AI retinal score predicts osteoporosis risk in cohorts

According to a paper published in PLOS Digital Health, researchers tested whether a retinal biological age score, RetiAGE, derived from AI analysis of retinal photographs, is associated with skeletal health and future osteoporosis. The team evaluated cross-sectional associations in the Singapore PIONEER cohort (n = 1,965) that had same-day retinal images and DEXA bone-mineral-density (BMD) measurements, and tested prospective prediction in a UK Biobank sample (n = 43,938) without osteoporosis at baseline, followed for approximately 12.2 years (PLOS Digital Health). The paper reports that higher RetiAGE correlated with lower BMD in hip and femoral regions and higher FRAX-derived fracture-risk scores in PIONEER after multivariable adjustment (PLOS Digital Health). In UK Biobank, RetiAGE predicted incident osteoporosis with an adjusted hazard ratio of 1.12 per standard deviation and a dose-response pattern across quartiles; participants in the highest quartile had HR 1.40 versus the lowest quartile (PLOS Digital Health). The authors also report that adding RetiAGE to an osteoporosis self-assessment model increased the C-index from 0.585 to 0.635 (PLOS Digital Health).
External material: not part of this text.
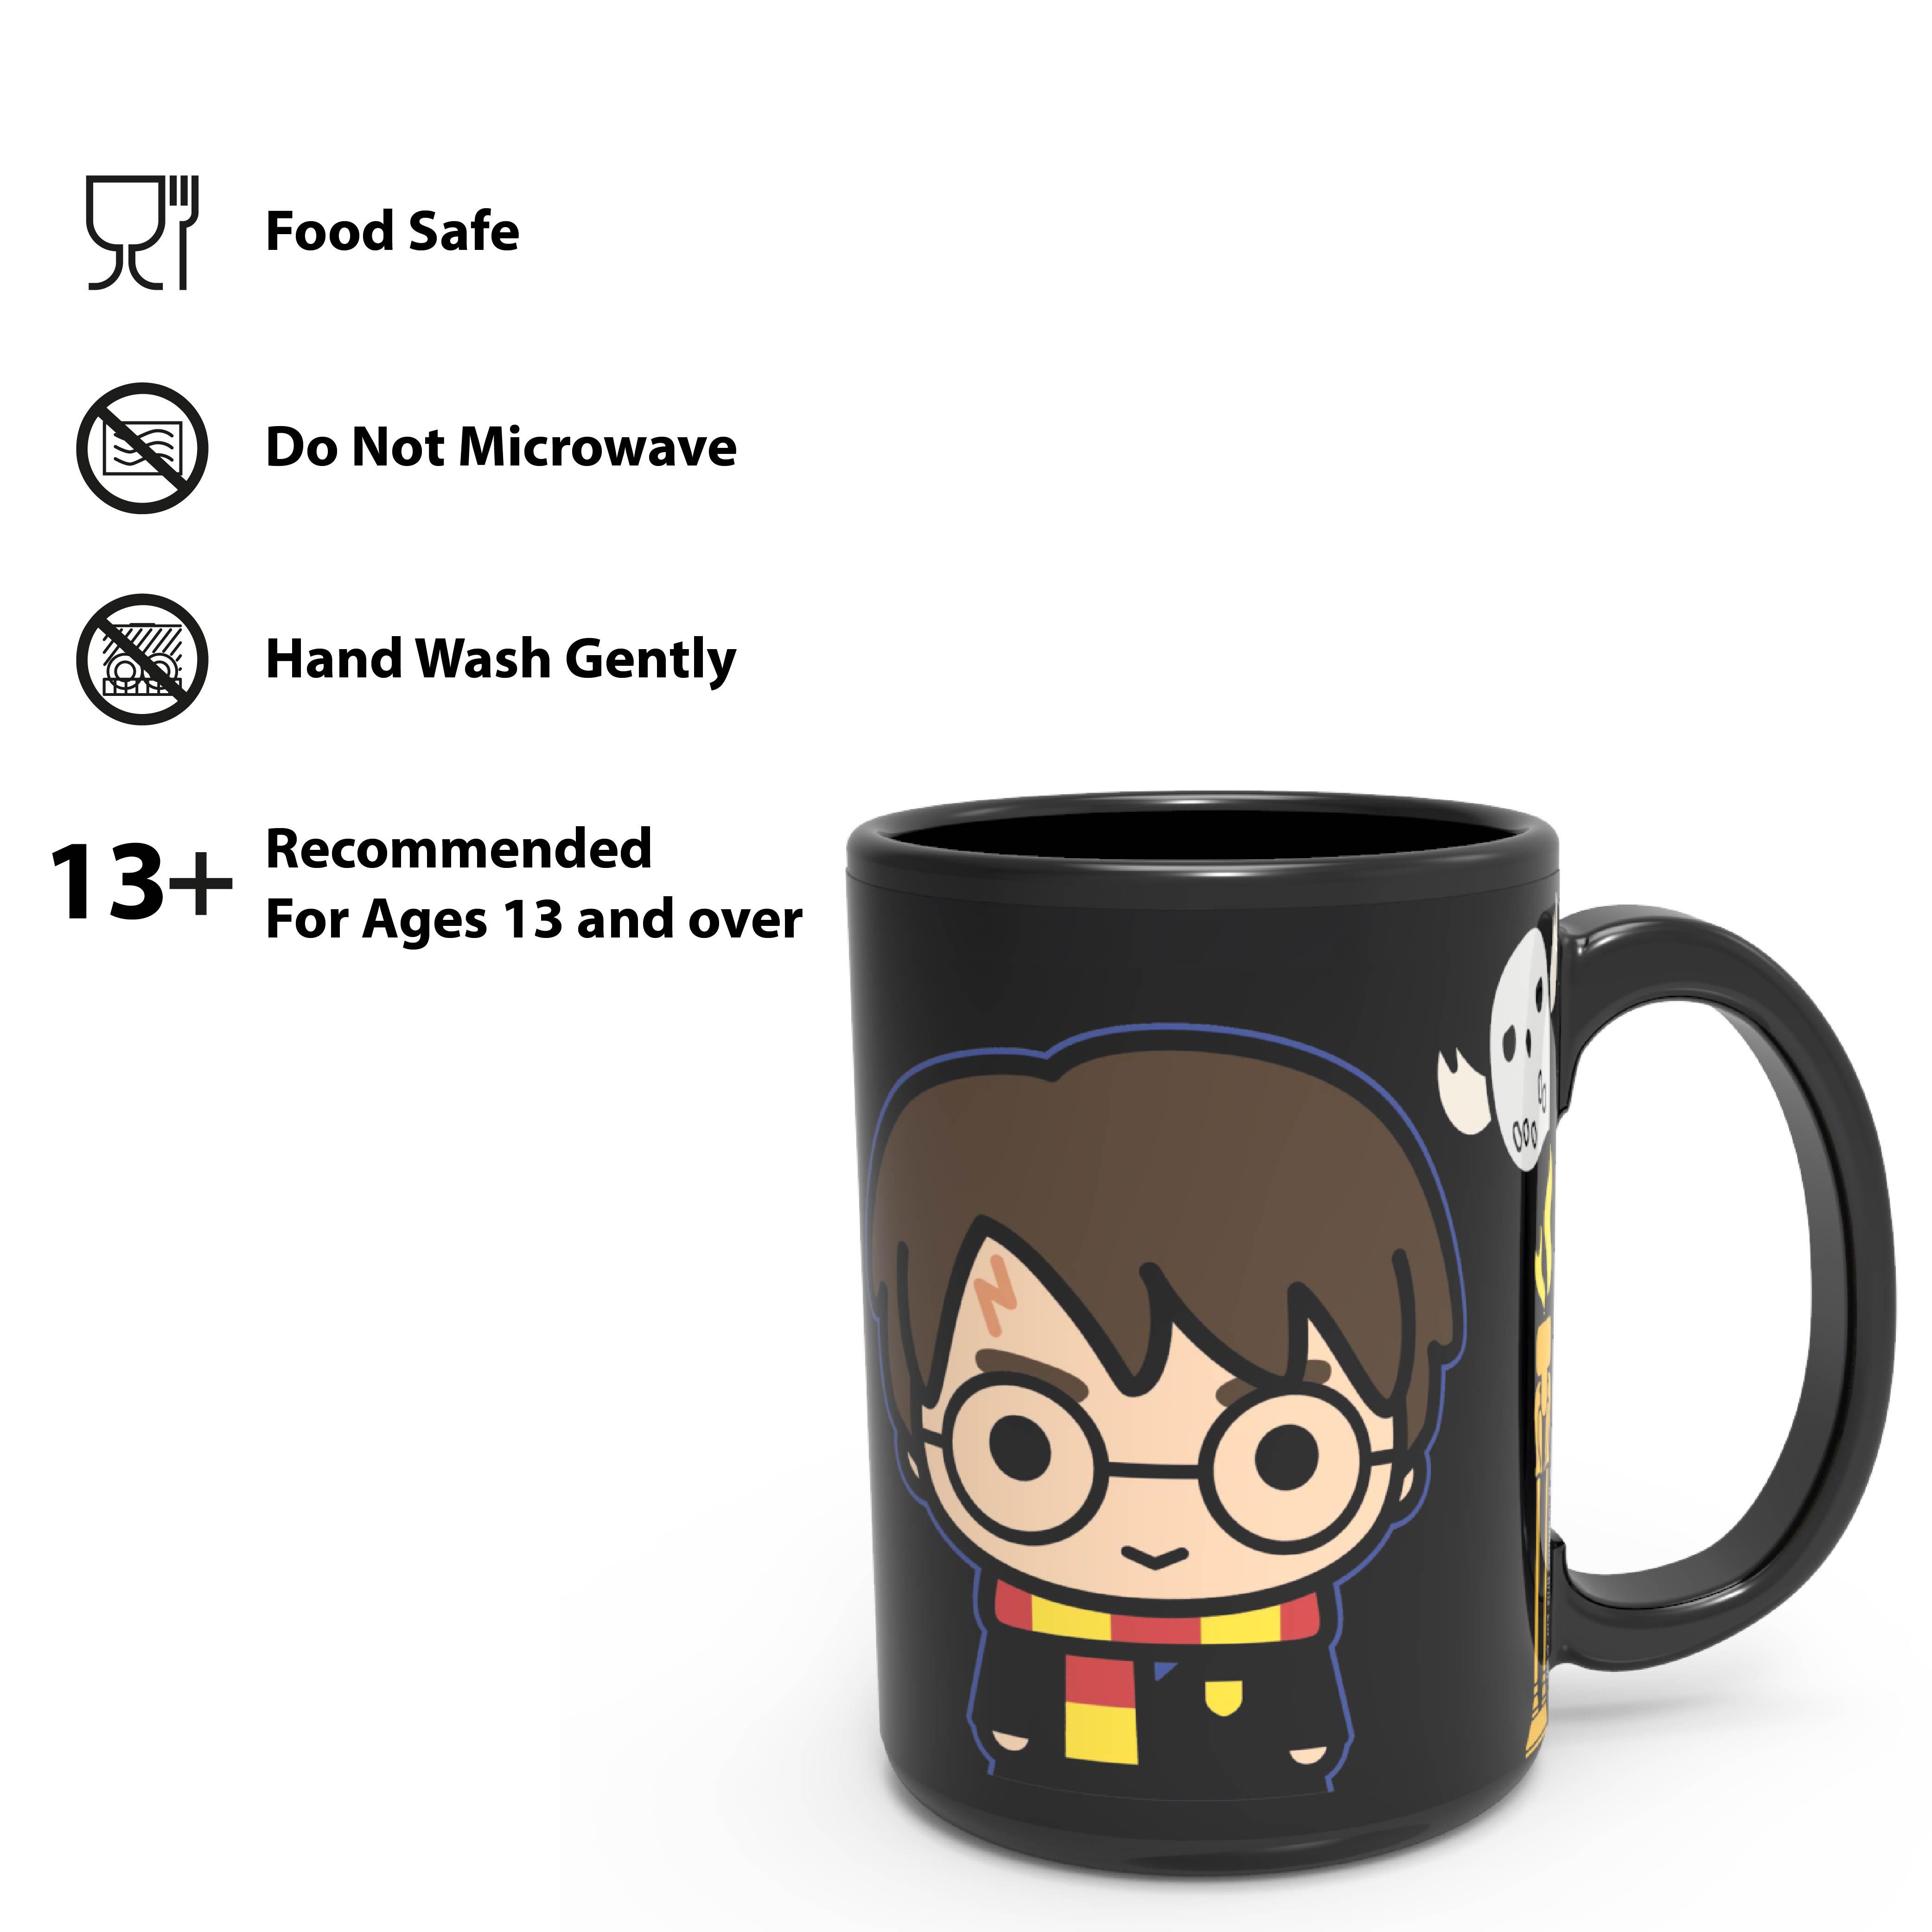 Harry Potter 15 oz. Coffee Mug, The Sorcerer's Stone slideshow image 10

Editorial analysis - technical context: The RetiAGE algorithm was trained to estimate retinal biological age as a probability-like score and was applied to two large cohorts, enabling both cross-sectional and longitudinal analyses. The paper describes multivariable models adjusted for standard osteoporosis risk factors including:

• •age, sex, calcium intake, diabetes, hypertension, smoking, physical activity, and glucocorticoid use (PLOS Digital Health).

The reported effect sizes are modest but consistent: per-SD hazard ratio 1.12 is small at the individual level but the highest quartile versus lowest quartile HR 1.40 suggests the signal concentrates in the tails. The improvement in discrimination reported by the authors, a C-index increase of 0.050, is measurable but remains in a range that is not yet sufficient for clinical decision-making on its own (PLOS Digital Health).
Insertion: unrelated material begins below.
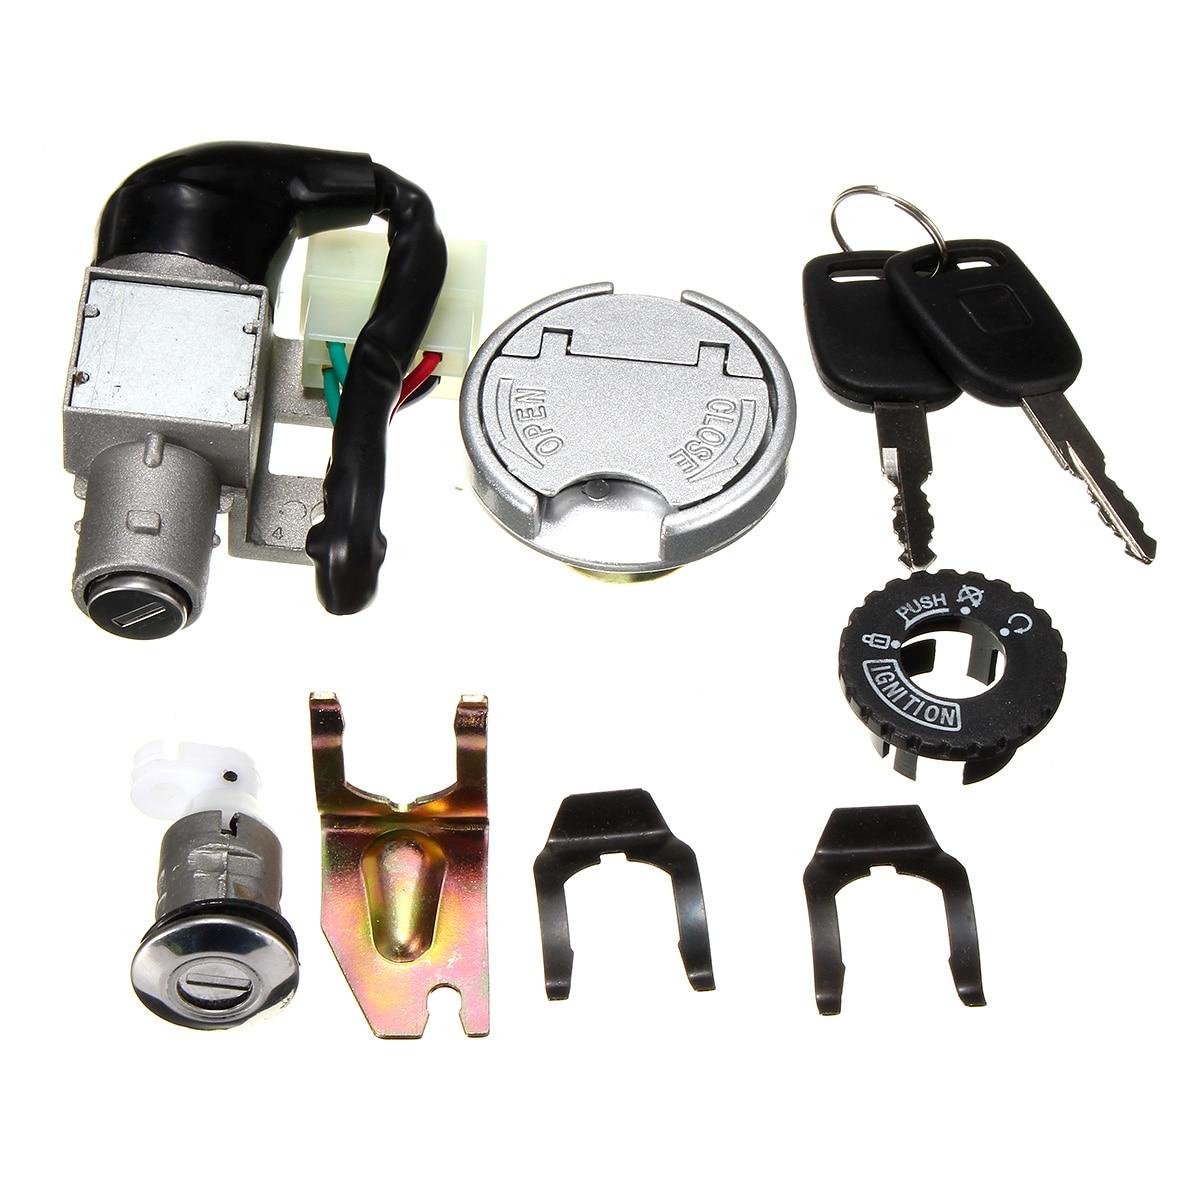 Universal Motorcycle Ignition Lock Switch Fuel Tank Cap 2 Keys For GY6 50CC Baotian Benzhou Buffalo Jmstar Jack Fox REX

This study fits into a broader research trajectory where retinal phenotypes are used as accessible, noninvasive proxies for systemic vascular, metabolic, and inflammatory aging processes. Prior work has linked retinal features to cardiovascular risk, cognitive decline, and kidney disease; this paper extends that line to skeletal health using large population cohorts (PLOS Digital Health; Discover Magazine; ScienceAlert). For practitioners, retinal imaging is attractive because fundus photography is low-cost, widely available in eye care settings, and does not require ionizing radiation, unlike DEXA.
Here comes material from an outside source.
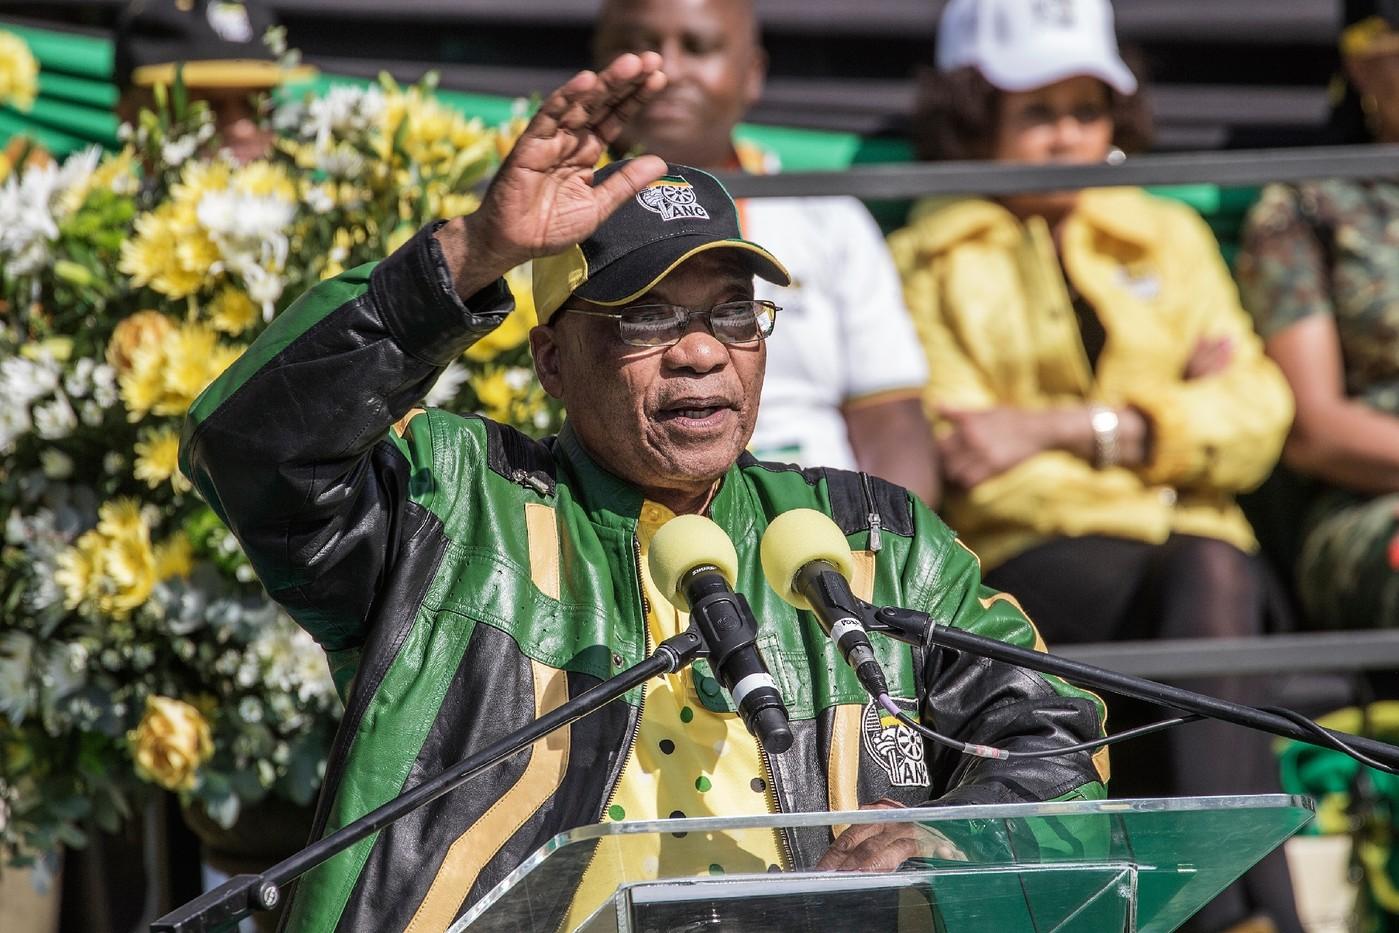 L'ANC de Zuma sous pression pour un scrutin local à l'enjeu national

Observed limitations documented in the paper and covered in reporting include cohort composition and effect size. The PIONEER cohort provides contemporaneous retinal and DEXA data but is cross-sectional, limiting causal inference (PLOS Digital Health). The UK Biobank analysis adds longitudinal evidence but depends on osteoporosis ascertainment from health records and imaging substudies. The authors report adjustments for multiple confounders, but residual confounding and the generalizability beyond the studied populations remain open questions (PLOS Digital Health; News-Medical).

For practitioners: follow-up work to validate RetiAGE performance in independent clinical screening populations and to test whether retinal-derived risk stratification materially changes clinical pathways for osteoporosis screening. Key indicators include replication of effect sizes in diverse ancestries, demonstration of incremental predictive value for fracture outcomes rather than diagnosis codes, and cost-effectiveness analyses comparing opportunistic retinal screening plus targeted DEXA against usual care. Researchers and implementers should also examine model calibration across age and sex subgroups and the potential for confounding by ocular disease and imaging quality.

Editorial analysis: If replicated, retinal-aging biomarkers could become a low-cost tool for population-level risk stratification, shifting some opportunistic screening to vision-care settings. However, current reported discrimination gains are modest and require prospective implementation studies before clinical adoption.